2. Résistance politique et résurgence spirituelle (1970 -)

François Boudreau et Herbert Nabigon caractérisent la spiritualité autochtone comme globale : « au sens de non-séparation entre ce que la culture euro-américaine a distingué comme le pouvoir temporel (société politique) et le pouvoir religieux (l’Église). » Avec cette distinction, cette spiritualité est vue comme le « prolongement d’une reprise en main politique, l’expression d’une volonté d’autodétermination et d’un renouveau de la culture, le tout informé d’une spiritualité à caractère ancestral » (Boudreau et Nabigon 2000).

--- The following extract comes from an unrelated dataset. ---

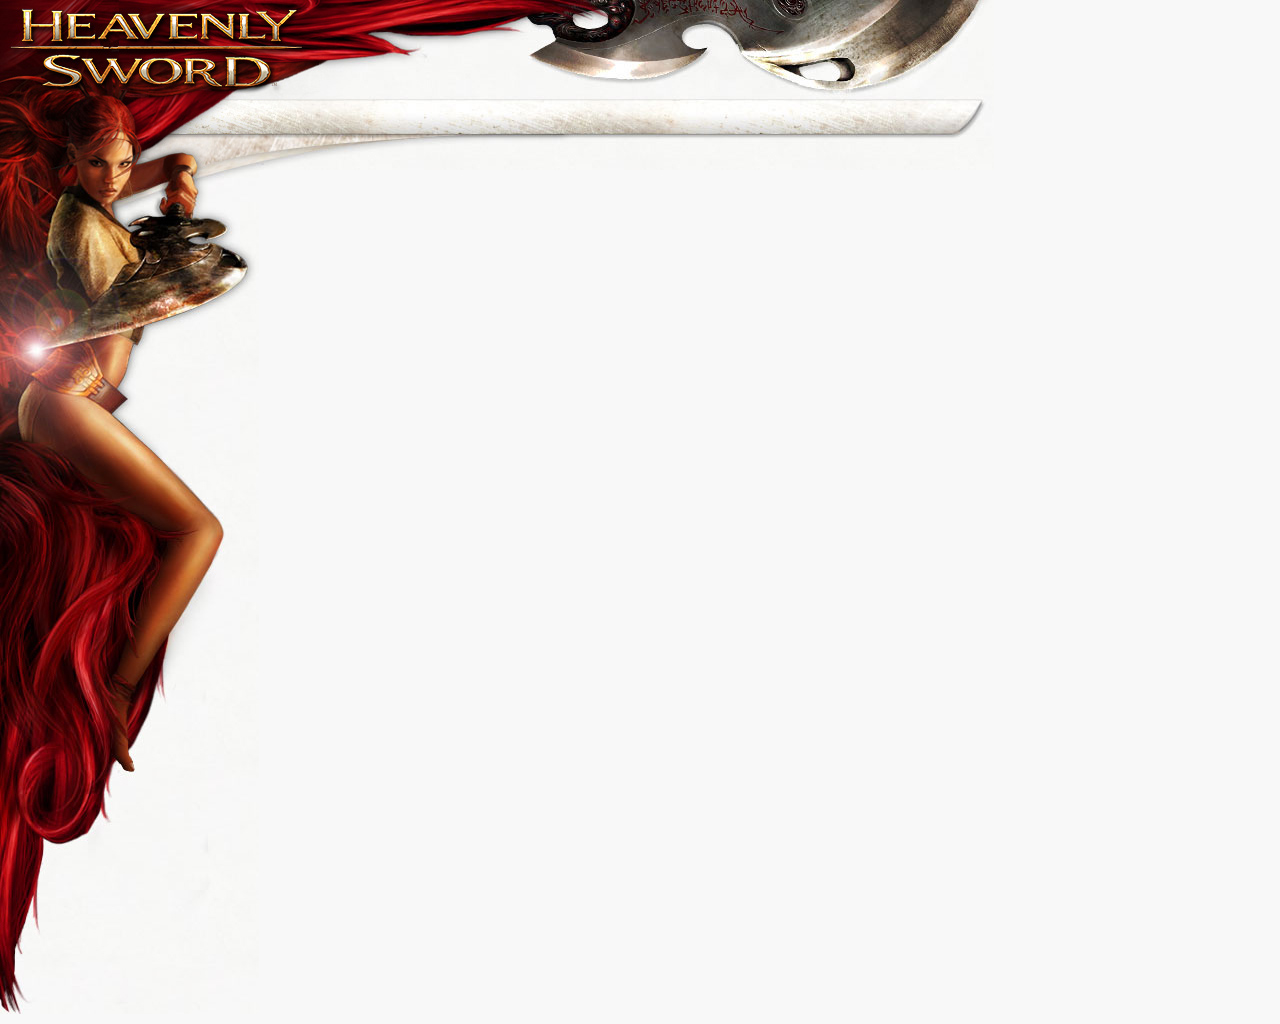 Laden Sie Heavenly Sword HD-Desktop-Hintergründe herunter

La spiritualité autochtone contemporaine est souvent évoquée par les Autochtones en termes de « retour à la spiritualité » ou de « retour à la tradition ». L’éradication des « superstitions » était au coeur de la politique d’assimilation des peuples autochtones. Pour Nicholas Flood Davin, haut fonctionnaire canadien au coeur de l’expansion du système des pensionnats autochtones, la contribution des Églises à la civilisation des Autochtones consistait à leur faire abandonner « leur simple mythologie indienne » pour le christianisme car toute civilisation est fondée sur une religion, et donc aussi toute oeuvre dite civilisatrice (Davin 1879, 14-15 ; Miller 1996, 102). Jusqu’en 1951, certains rites traditionnels autochtones étaient interdits au Canada (Savard et Proulx 1982, 151 et 166). Les Églises engagées dans les missions les condamnaient tous, tout comme elles condamnaient les Gens de Médecine, considérés comme des sorcières, et cela bien après 1951. Par l’entremise des pensionnats autochtones, elles encouragèrent dans l’esprit des communautés une désaffection et même une aversion envers ces traditions. Aux États-Unis, plusieurs rites autochtones furent aussi interdits jusqu’à la promulgation du American Indian Religious Freedom Act (1978). Les objets rituels et sacrés autochtones étaient soit détruits, soit confisqués ou obtenus de manière détournée, pour être confiés eux aussi à des musées ou trivialement vendus au plus offrant. De plus, d’innombrables sites sacrés furent expropriés et détruits pour les multiples besoins de la société dominante, habituellement de manière inconsciente et indifférente (McLeod 2007). La transmission des récits, croyances et rituels allait en pâtir irrémédiablement à plusieurs égards.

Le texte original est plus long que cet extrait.